Please help me to see clearly. Help me to understand where to place the puzzle pieces which are my life. I desire love, passion, contentment, and peace. I’m working daily on experiencing these things on a practical level.

But it’s like there are two things at work…my higher spiritual self, who knows just how to perceive a situation so that I can bear to go through it, and then there is the seat of my wounded soul. It is lonely, afraid, insecure, angry, hurt, and empty. This is the space that I need you to fill. I need your help, your comfort. Please show me how to live. What to do. I’m lost.
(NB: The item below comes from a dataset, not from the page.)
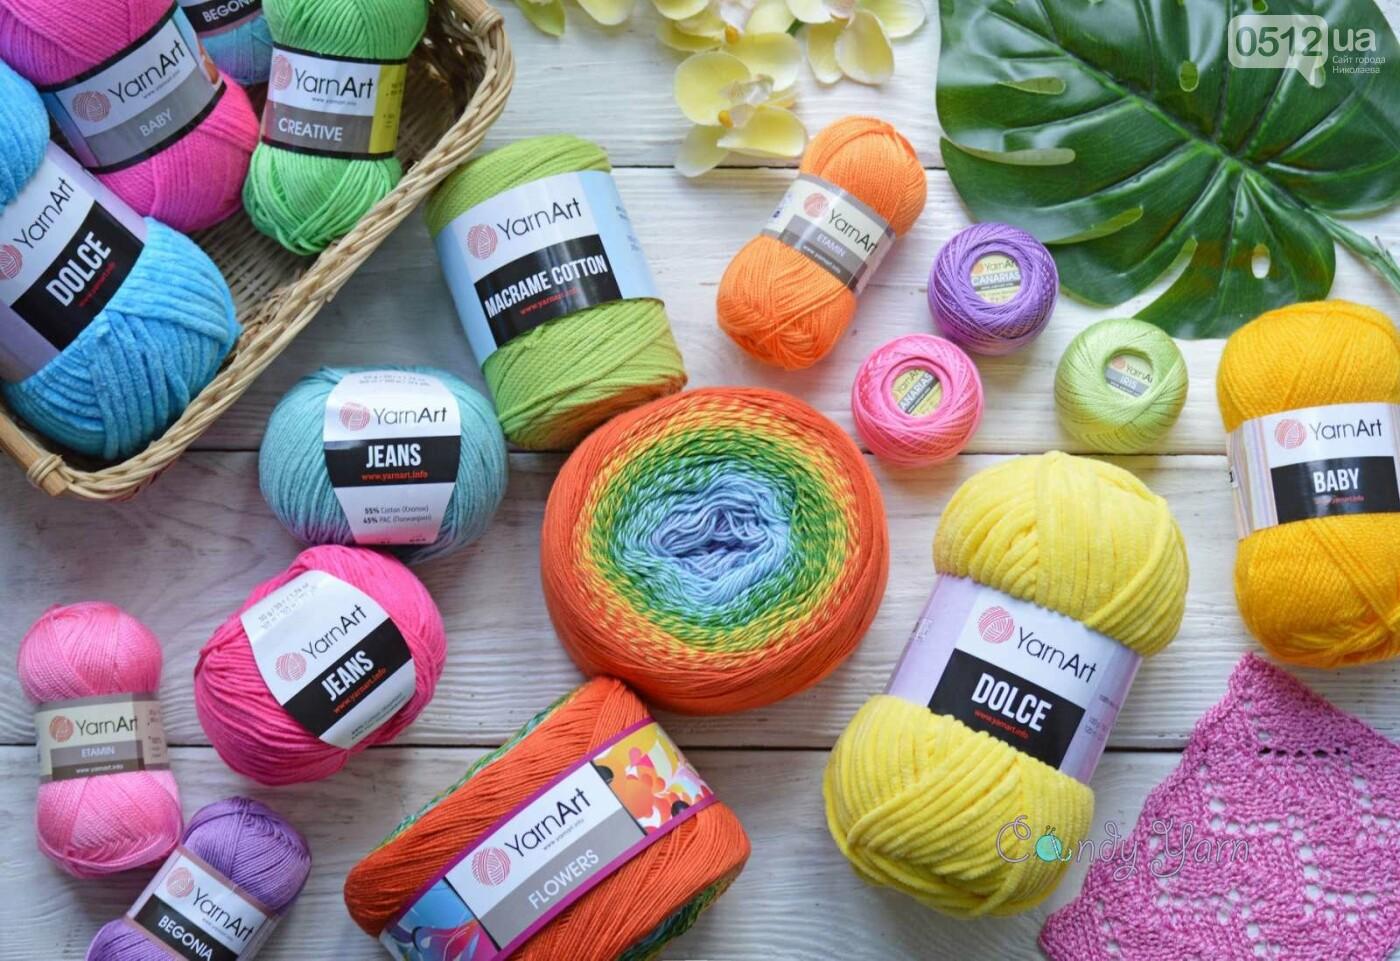 Пряжа для вязания ЯрнАрт, фото-2

AD - Ohio/USA

Comments

9 Responses to “Help Me To Understand Where To Place The Puzzle Pieces Which Are My Life”

  1. Paul R. Says:

    Here’s a short story that might put you on a right track :

    To a disciple who was always at his prayers the Master said, “When will you stop leaning on God and stand on your own two feet”?
    The disciple was astonished. “But you are the one who taught us to look on God as Father”!
    “When will you learn that a father isn’t someone you can lean on but someone who rids you of your tendency to lean”?

    MORSEL:
    All I have seen teaches me to trust the Creator for all I have not seen.

    And another one :

    One disciple said:
    “I have no idea of what tomorrow will bring, so I wish to prepare for it”.
    The master answered:
    “You fear tomorrow - not realizing that yesterday is just as dangerous”.

    MORSEL:
    Don’t let yesterday use up too much of today

    One more:

    “Please tell me, is salvation obtained through action or through meditation”?
    “Through neither. Salvation comes from seeing”.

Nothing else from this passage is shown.